Kevin continued, "So many people in Texas, even the high school students we hire, are dedicated, hard-working, and responsible. They still have true Midwest values, and that fits with the McDonalds family values. There's a statistic I've seen that one out of eight young Americans have worked at McDonalds."

Lis adds, "We have it so good here that now my parents, Ray and Sylvia Boone, want to move to Texas."

Kevin says when Ray Kroc started the company in 1935, his first business relationship was a handshake deal to serve Coca Cola products, which is still in force today. Kroc designed the business to be a three-legged stool, owner-operators, the McDonalds corporation, and McDonalds' suppliers. He told owners, "You're in business for yourselves, but not by yourselves."

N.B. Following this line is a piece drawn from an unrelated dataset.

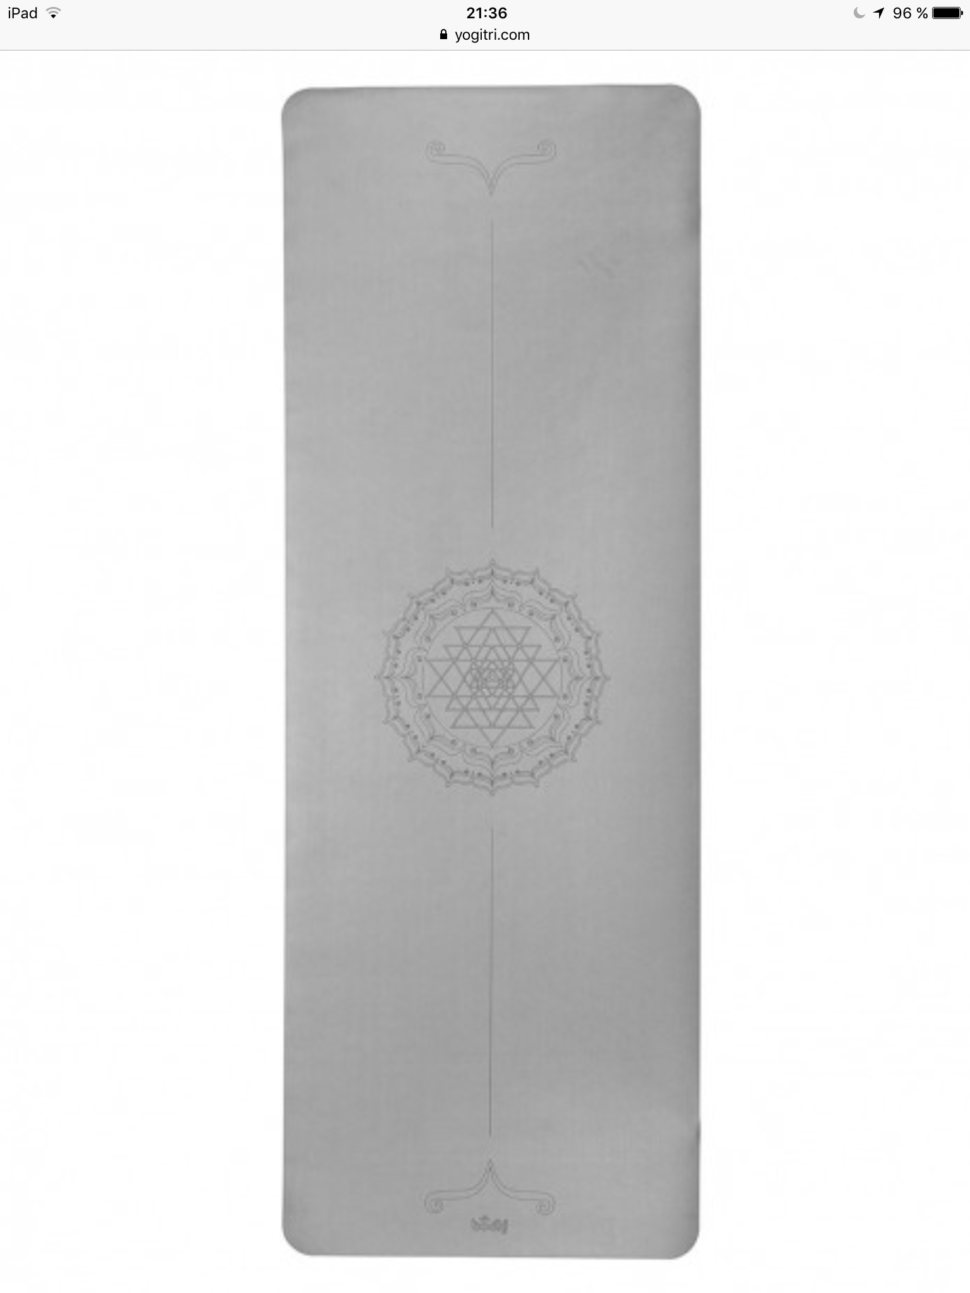 Velmi kvalitní jóga podložka s potiskem v eshopu jógy z obýváku.
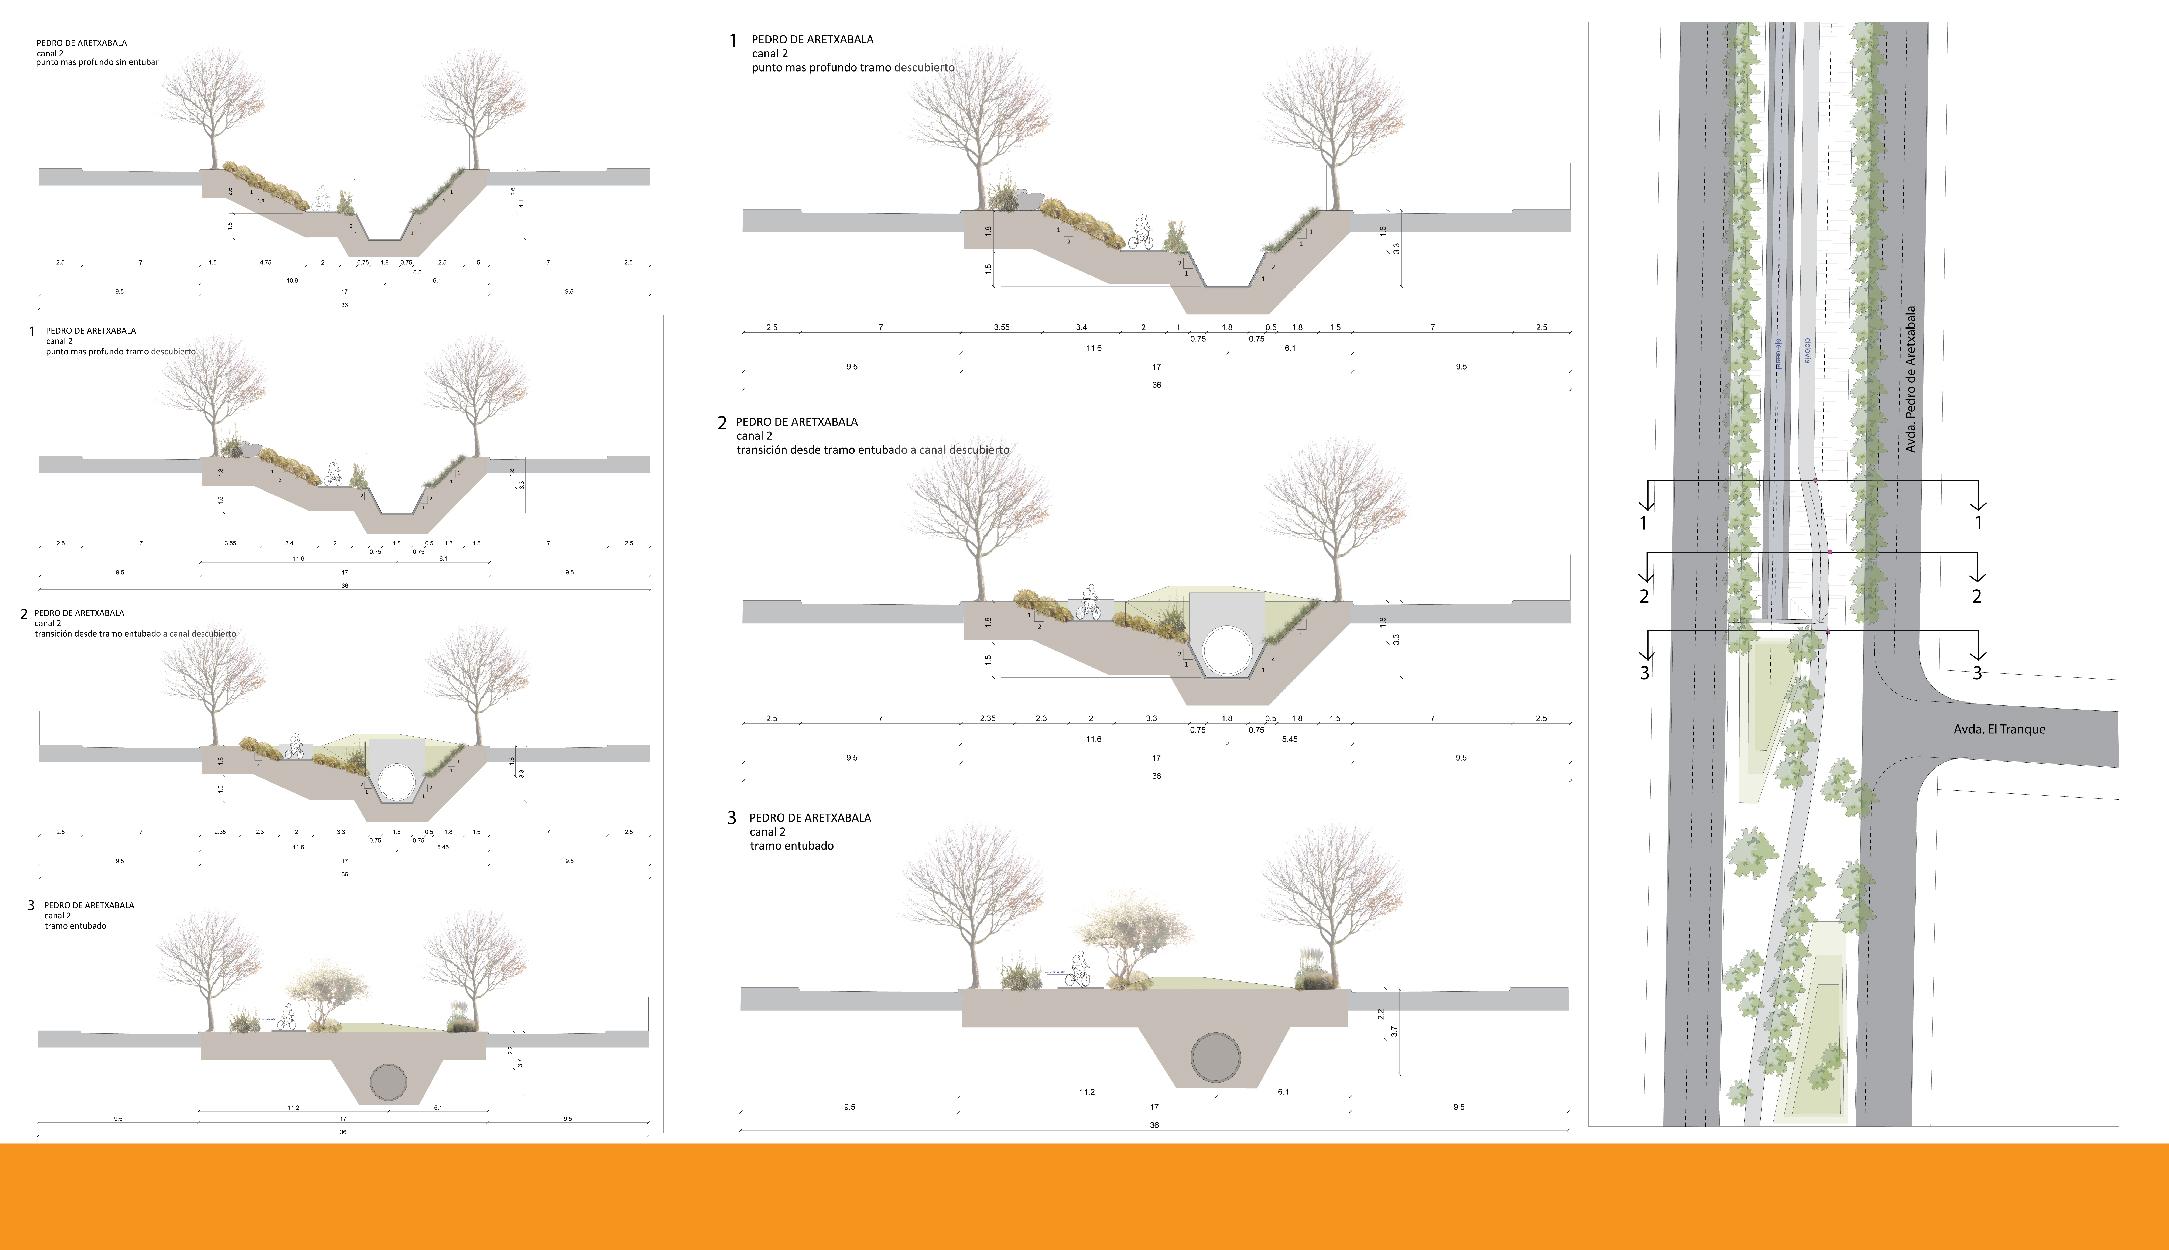 Proyectos Pagina WEB DISEÑO URBANO-12.jpg

Kevin and Lis say their employees work for them, not as McDonalds employees, so they run their own business. McDonalds Corporation does things like product development, banners, marketing, and advertising supplies, and through "Hamburger University," provides unparalleled training. Their supplies come through companies who have corporate contracts with McDonalds, some of which work only with McDonalds.

They say one of Kroc's founding principals was, "Give back to the communities in which we do business." Lis says, "That's why Joan Kroc donated the money to establish 26 Kroc Centers. We usually have our annual manager's meeting in the one here."

Kevin says, "We want to provide service, and be of service." As one example, they hold "McTeacher Nights" where his employees' teachers work the counter, as a fundraiser for the schools where they work and study.

They say they follow Kroc's ideal, "Do what's right, not what's easy."